I can still remember the August day in 1988 when I opened my ‘A’ level results envelope to see a welcome number of A grades and one C.  For the next few days my world stopped.  An injustice had been committed.  I had never achieved anything less than an A grade for my English Literature essays, and after two years of hard study I was now left with a paltry C grade for my efforts.  I wanted an immediate remark, I was going to write to my MP, if that failed I would go to the press to expose the vagaries of ‘A’ level marking.  In the end the Headmaster persuaded me that with a two E grade offer from Oxford the school had better things to spend its money on than my English Literature appeal and the matter was dropped.

That was wrong.  Students work incredibly hard for exams, and where there is a possibility of examination injustice and erroneous grades appeals should be lodged.  Examining is not error free and this is especially the case in arts subjects where there is an inevitable subjectivity to the assessment process.  English Literature does not lend itself to right or wrong answers in the way that a Maths paper does.

The Headmasters and Headmistresses Conference (HMC) has just launched a scathing attack on the exam boards accusing them of ‘systematic’ weaknesses and in particular poor quality marking and inconsistent grading.

I am a Head who also has an unpaid role scrutinising the work of an exam board.  I can see both sides of the argument.  Heads want fair assessment procedures that deliver reliable results.  Unsurprisingly this is what exam boards want too.  It should thus not be too difficult to find practical ways forward to improve the accuracy of the examination system.  I suggest we start with the following:

1. The current exam system is creaking because the volume of exams sat by candidates has increased markedly.   Fewer exams would mean more teaching which benefits schools and pupils, whilst with fewer papers to mark boards can concentrate their best examiners on the remaining scripts.  Removing the January AS and A2 exam season would deliver this objective.

2. Exam boards hold a huge amount of data on candidate performance, number of appeals, marking error rates, and grade adjustments.  This data should be published so that objective discussions can take place about the accuracy or otherwise of the examination process.  It would be interesting to see whether exam board error rates really have increased through time or not.

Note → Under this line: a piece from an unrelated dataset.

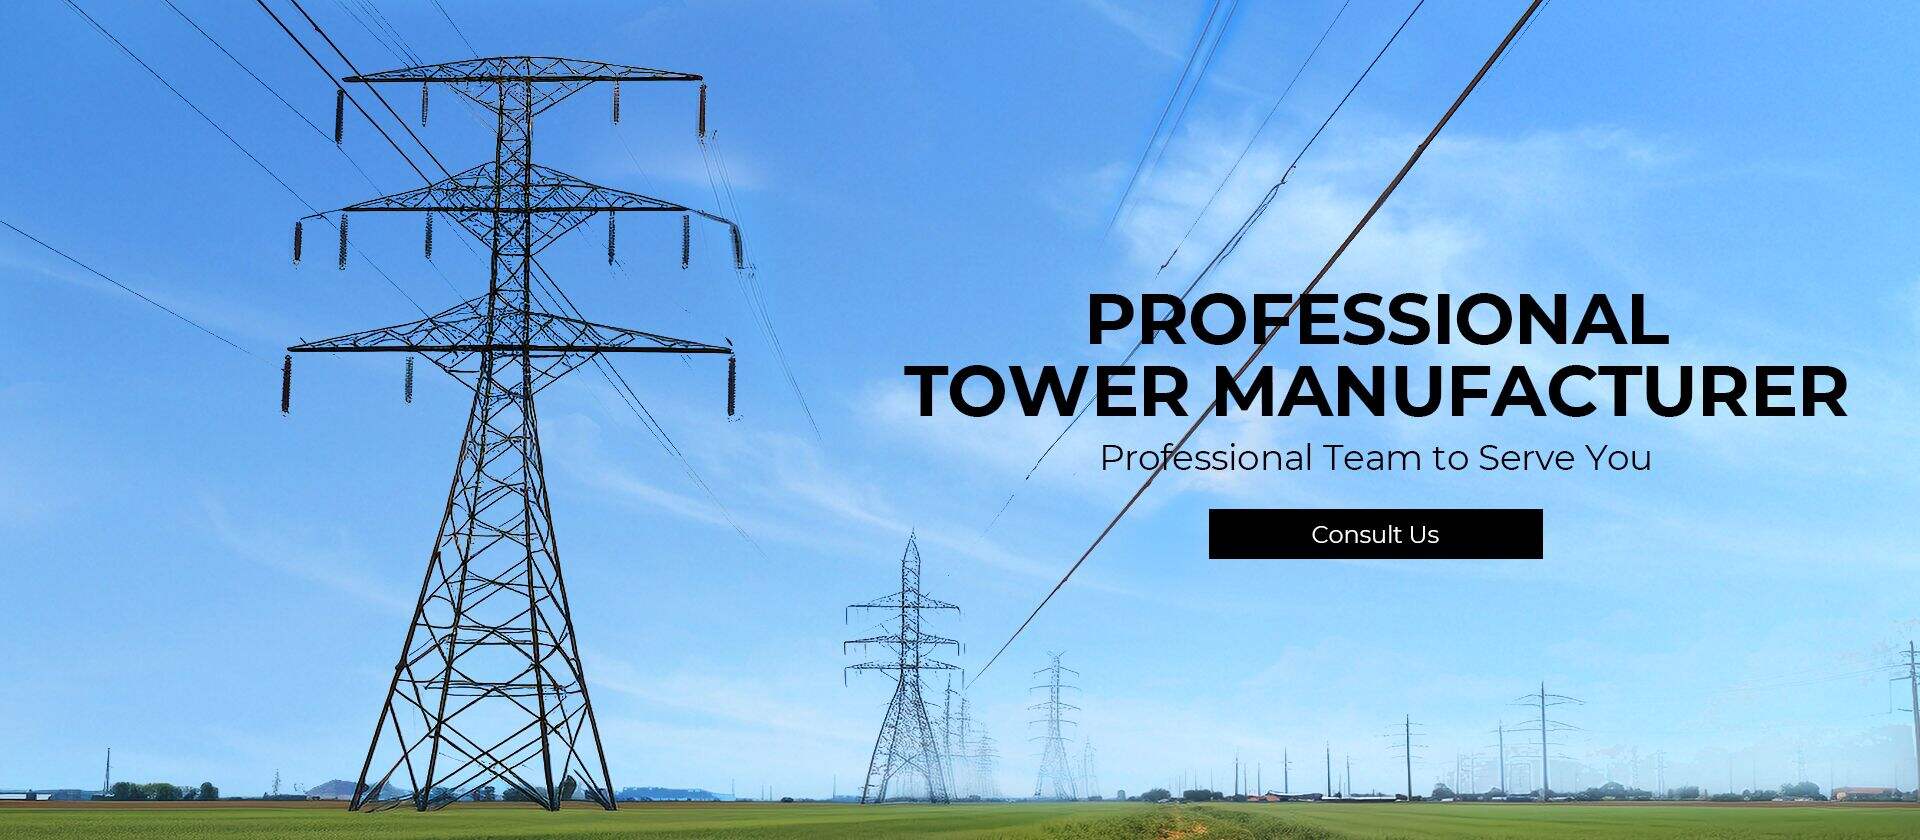 Xinhang Tower Technology Co., Ltd.

3. We need to find ways of getting more top quality staff in schools involved in the public exam process either through question setting or assessment.  This could involve higher rates of pay for examiners, and/or reducing the minimum number of scripts to be marked, so that teachers can fit examining around their day jobs.  Heads could incentivise teachers to mark, by recognising public exam assessment for professional development and salary threshold purposes.

4. We are asking more of the public exam system than ever before.  Top universities increasingly want to know candidates’ A and AS level marks as well as their grades.  This requires an increased level of assessment accuracy.  Such an improvement can only be achieved by more investment in the exams process.  Exam entry costs will need to rise, but if this occurs alongside a fall in the number of exams sat then the budgetary impacts on both schools and boards should be neutral.

I hope that the current furore over examination standards can in part be calmed by the common sense measures proposed.  I fear, however, that politicians want to pursue their own examination reform agenda and that it suits their E. Bacc interests to keep fanning the flames of the GCSE and ‘A’ level bonfire.  Schools in turn need to be careful what they wish for.  Pull the current exam system down and it could be replaced with a state controlled entity subject to even more political interference.